Mission creep. Unfortunately, some of us would likely do well to review our narrative "boilerplate" from time to time and condense it. I don't know what the regulators expect but it seems the tendency is for more an more verbiage.. Here are some of mine that often end up in multiple reports. - some may be specific to rural property (i do more of that.) Some of the commentary was suggested by others on this forum and they may recognize their own statements.

ERRORS
While this report has been proofed for typographical errors, mathematical inaccuracies, and other discrepancies, others may be discovered in subsequent reviews performed by the client or their designated agent. We reserve the right to correct any typographical errors, mathematical inaccuracies, or other discrepancies that may affect the estimate of value contained in the report.

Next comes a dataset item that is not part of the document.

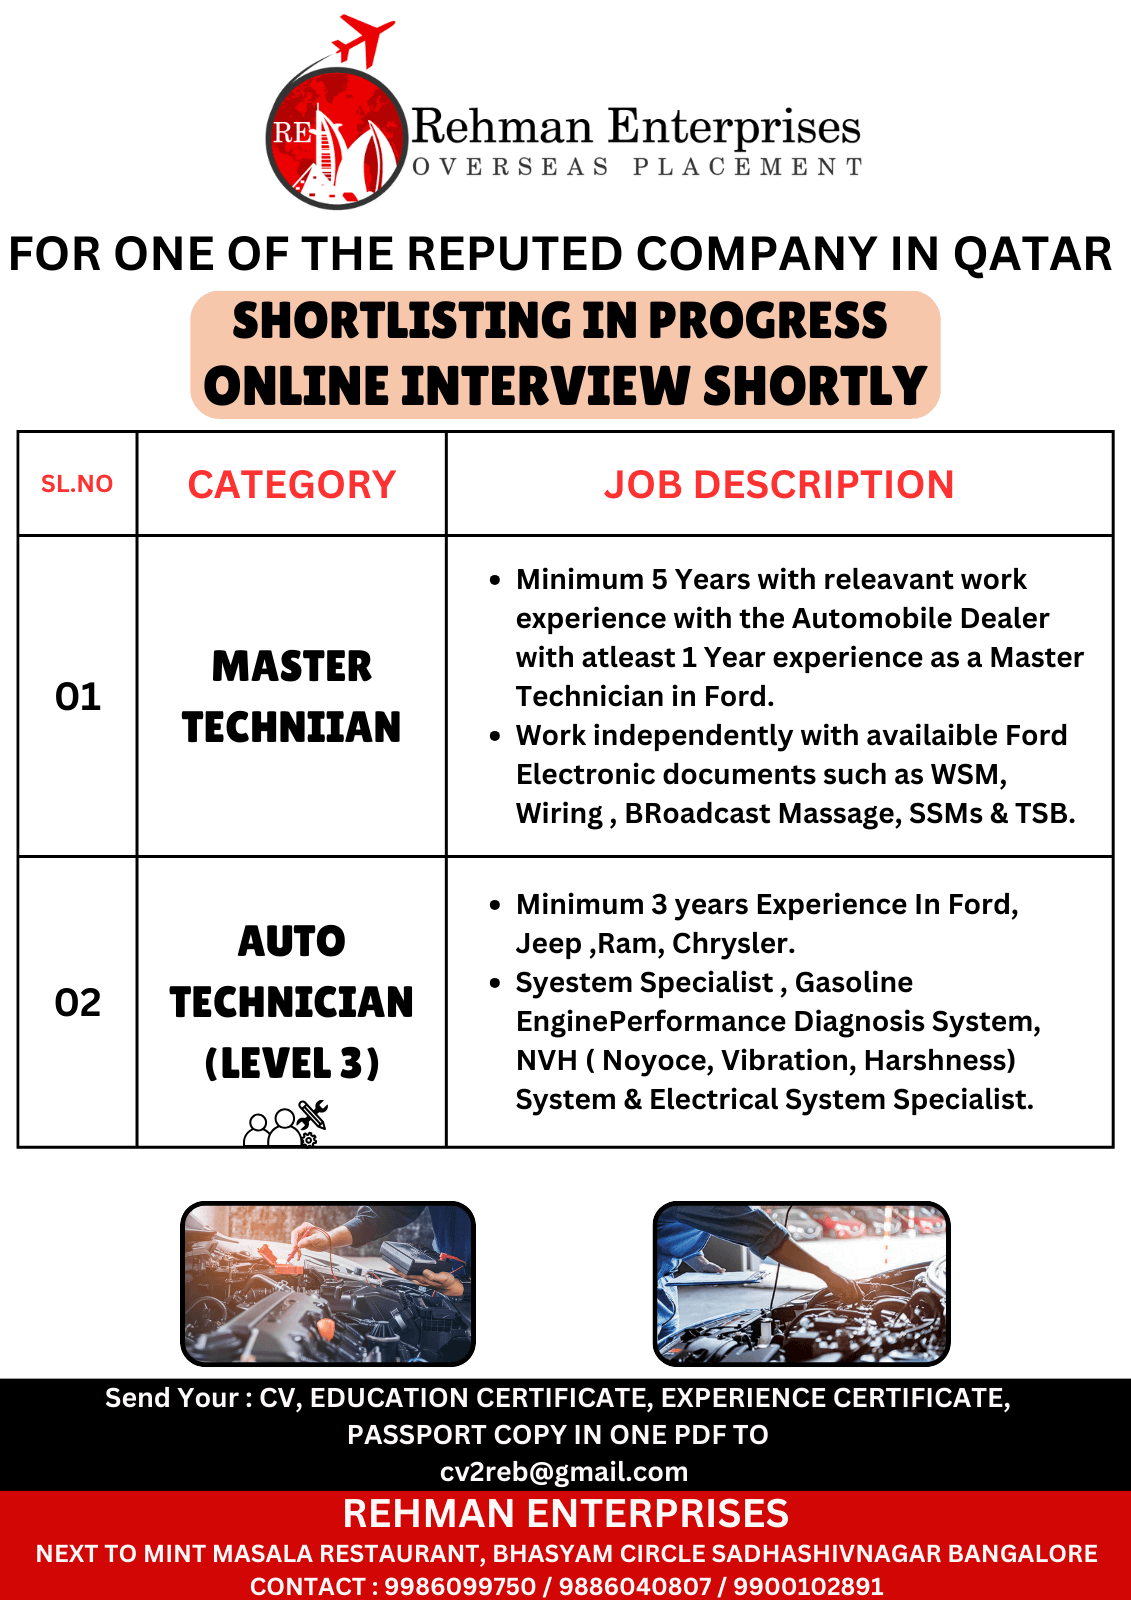 FOR ONE OF THE REPUTED COMPANY IN QATAR

These corrections will be corrected promptly upon the written request of the client.
ELECTRONIC TRANSMITTAL
The appraisal report was created by the appraiser identified on the appraisal report and that the appraisal report is the complete and unaltered report submitted by the identified appraiser. The appraiser cannot be held accountable for alterations made to this report after it has been submitted. The original report remains in our files.
REQUESTS MADE AFTER COMPLETION OF REPORT
With the exception of revisions made for the purpose of correction of appraiser errors, appraiser does not anticipate further development or reporting requirements for this assignment. Any additional requests may represent a change in the assignment conditions and require development of a new assignment. Therefore, any additional requests must be in writing and may be subject to additional billing.
Delivery of the report is considered completion of the appraisal assignment. Requests for additional information, including additional comparables, the Cost or Income Approaches to value when not applicable, reliable, or necessary to form a credible opinion of value etc., may result in additional fees commensurate with the amount of additional work required to satisfy the request for additional data.
HIGHEST AND BEST USE , CONT
The highest and best use of the subject is projected based upon location, physical characteristics, past and proposed uses, and applicable zoning.
The highest and best use of the subject "as if vacant" is for residential construction. It is the most applicable use, the previous or proposed use, and the most profitable use of the site. Surplus land, if any, may be held as investment or agriculture as an interim utility.
The highest and best use of the subject "as improved" is its current use. The improvements have remaining economic life; is the probable future use; is the current and previous use and is legally permissible by zoning or probable future zoning; appears to be financially feasible; and is the maximally productive use available to the subject.
The Highest and Best Use of the subject, as revealed by my investigation, is that indicated "as improved."
 
SUMMARY OF SALES APPROACH
The sales were compared to subject improved tract and adjustments were made for differences. An adjustment grid is provided to assist the reader in understanding the reasoning behind adjustment applied. Items superior to the subject were adjusted downwards and items inferior to the subject were adjusted upwards based upon the comparative cost analysis methods, paired sales analysis, or by linear regression. The appropriate supporting documents are referenced or held in our files.

RECONCILIATION
Reconciliation is the part of the valuation process in which the appraiser attempts to resolve differences among the value indicators derived from the application of the approaches. The conclusion drawn in the reconciliation is based on the appropriateness, the accuracy, and the quantity of the evidence in the entire appraisal. In the final analysis, we based our value on the sales approach as the most appropriate method. However, the cost approach [or does not] support[s] the value and is [or not a ] reliable indicator of value.
INSPECTION
The appraisal "inspection" is a value inspection and is no substitute for an engineering inspection. While the appraiser neither sees nor has been told of any obvious defect not otherwise reported, the appraisers are not experts in identification of such items and the appraiser recommends the property have an inspection by a certified home inspector and a structural engineer. The appraiser reserves the right to alter this report upon the client providing that home inspection or structural inspection. The appraiser assumes all structural, system, or HVAC systems are in good working order if no such report is provided. The use of an exterior inspection of a previously appraised property assumes that the condition of the property has not deteriorated since the last interior inspection or that the client has advised the appraiser of any changes in that condition. Only defects readily visible from a street inspection are reported or considered.
Any statutory road easement, to the county, may exist of one rod either side of all section lines and may apply to the subject. However, this is the typical condition in the market and has no negative effect upon value. Many properties in the county do not have street addresses and many rural property owners do not receive mail at the address. Un-named streets are common. "Address" data presented is, in the Appraiser's judgment, that most useful to a person seeking to visit the locations. Each of the three accepted valuation methods have been examined in this report. Any approach eliminated is explained under that section.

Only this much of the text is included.